Major Commaigne snapped at his adjutant. ‘Lefferts! Have the ordnance sections put the one-oh-fives on safety. Can’t have this sort of thing.’ It had been a disagreeable sight, to see that poor old cow become hamburger, well ketchuped, so rapidly. Better chain the big guns until one saw, at any rate, whether Pung’s Comers was going to put up a fight.
So Major Commaigne stopped the personnel carriers and ordered everybody out. They were past the dangerous radio active area anyway.
The troops fell out in a handsome line of skirmish; it was very, very fast and very, very good. From the top of the Presbyterian Church steeple in Pung’s Corners, Jack Tighe and Andy Grammis watched through field glasses, and I can tell you that Grammis was pretty near hysterics. But Jack Tighe only hummed and nodded.
Major Commaigne gave an order and every man in the line of skirmish instantly dug in. Some were in marsh and some in mud; some had to tunnel into solid rock and some - nearest where that first target had been - through a thin film of beef. It didn’t much matter, because they didn’t use the entrenching spades of World War II; they had Powr-Pakt Diggers that clawed into anything in seconds, and, what’s more, lined the pits with a fine ceramic glaze. It was magnificent.
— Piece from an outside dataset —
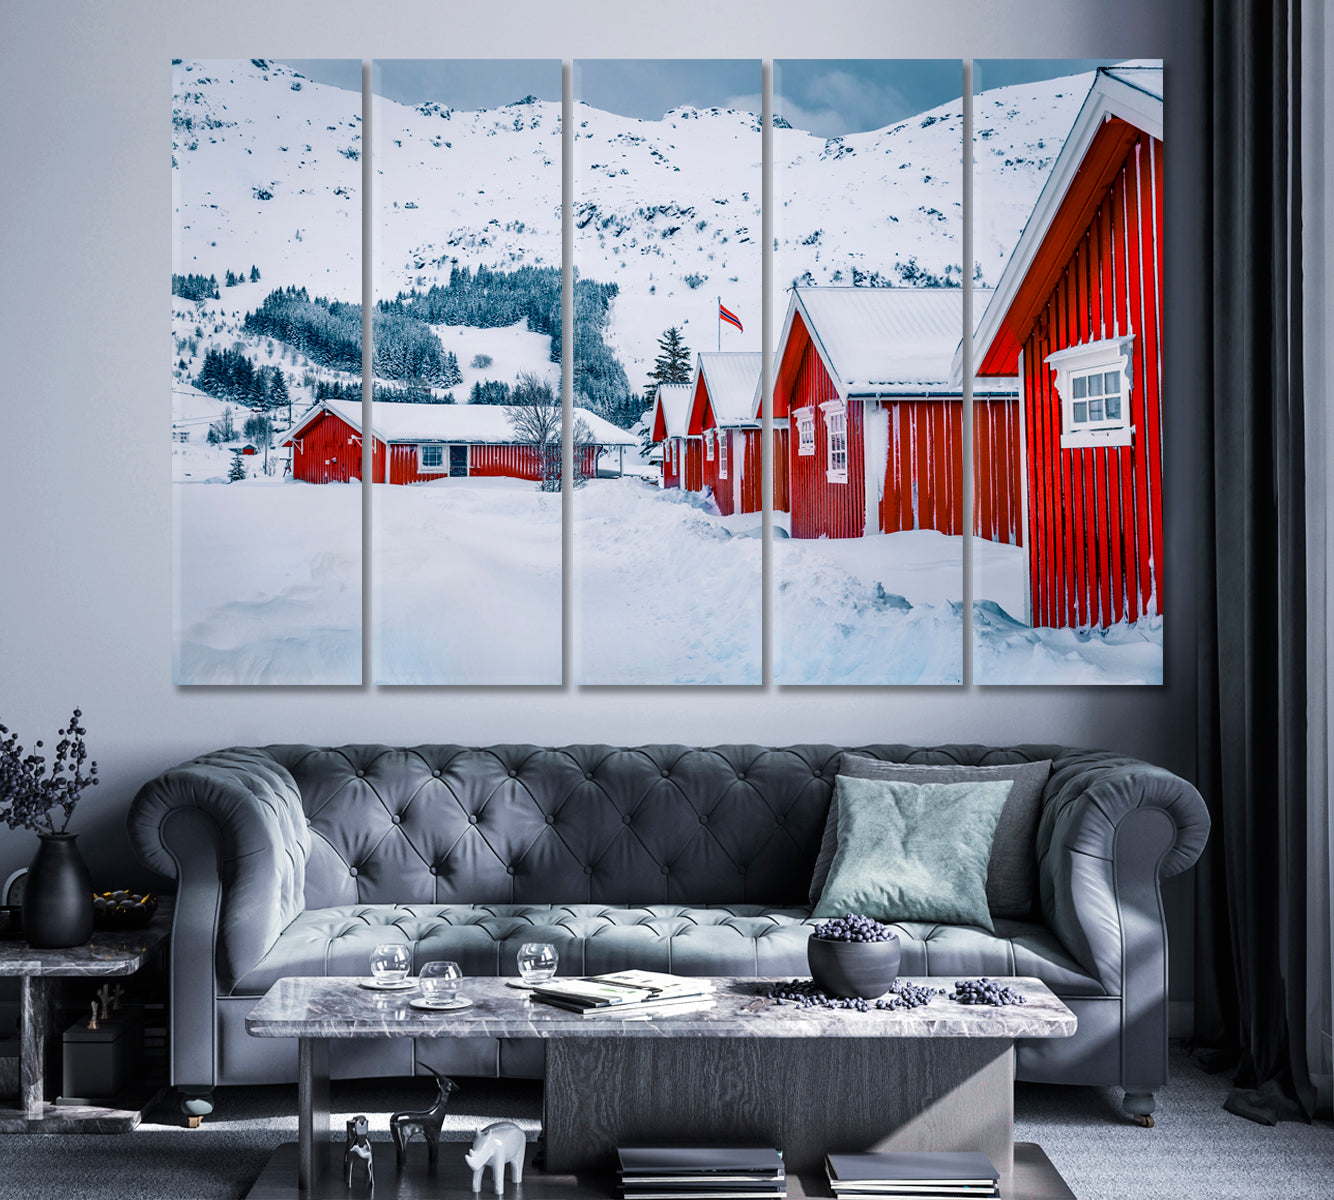 Lofoten Islands with Traditional Norwegian Red Wooden Houses Canvas Print ArtLexy 5 Panels 36"x24" inches 
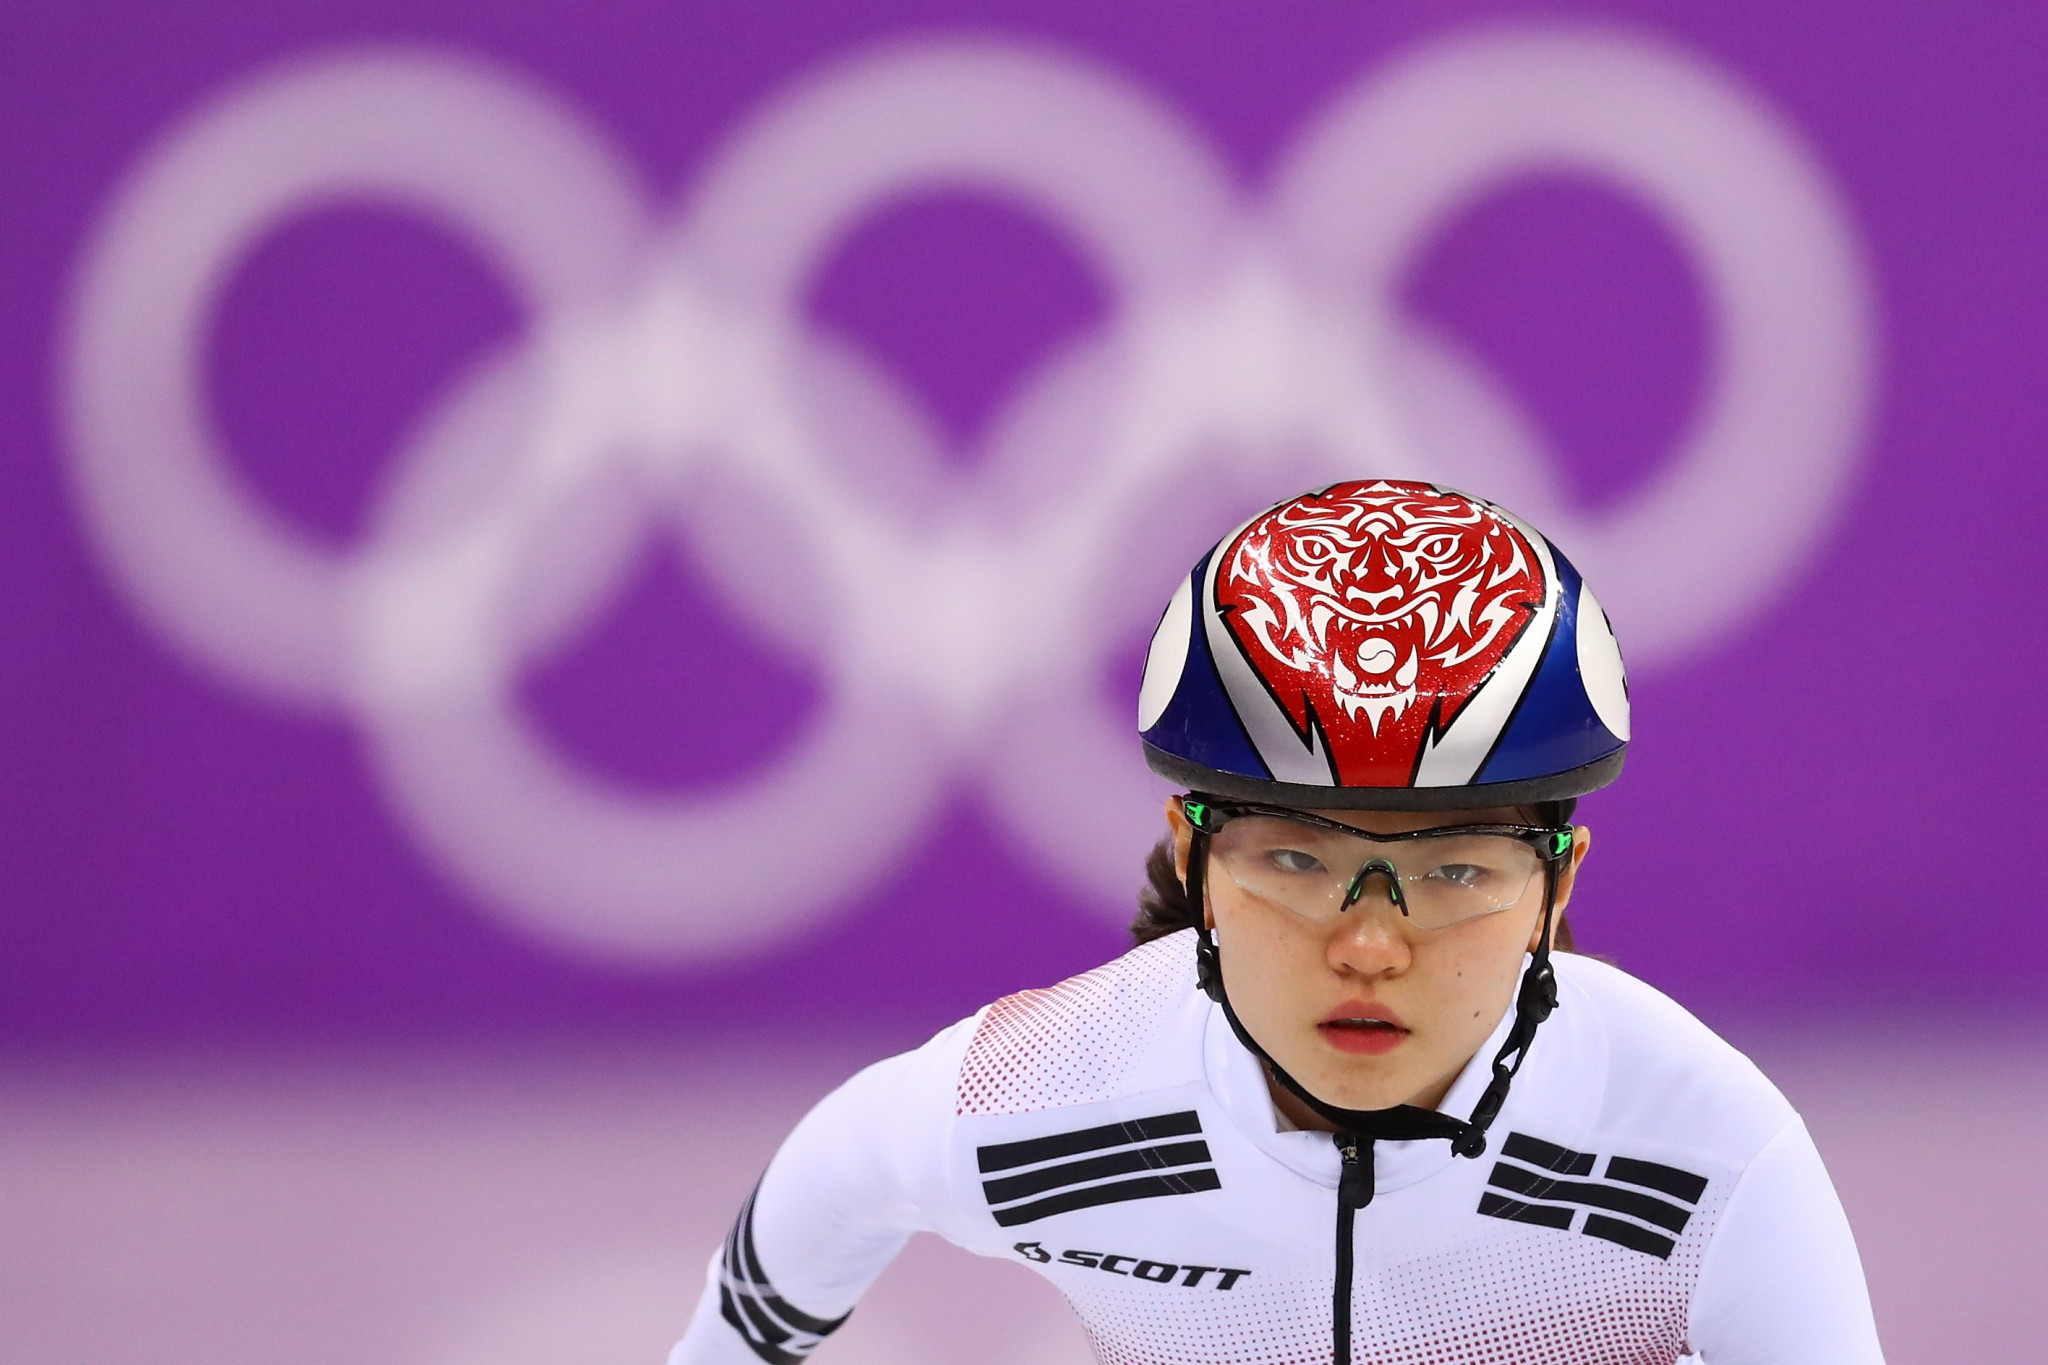 Human rights group to launch extensive investigation into abuse claims in South Korean sport

And yet, on the other hand -
Well, look. It was this way. Twenty-six personnel carriers had brought them here. Each carrier had its driver, its relief driver, its emergency alternate driver and its mechanic. It had its radar-and-electronics repairman, and its radar-and-electronics repairman’s assistant. It had its ordnance staff of four, and its liaison communications officer to man the intercom and keep in touch with the P.C. commander.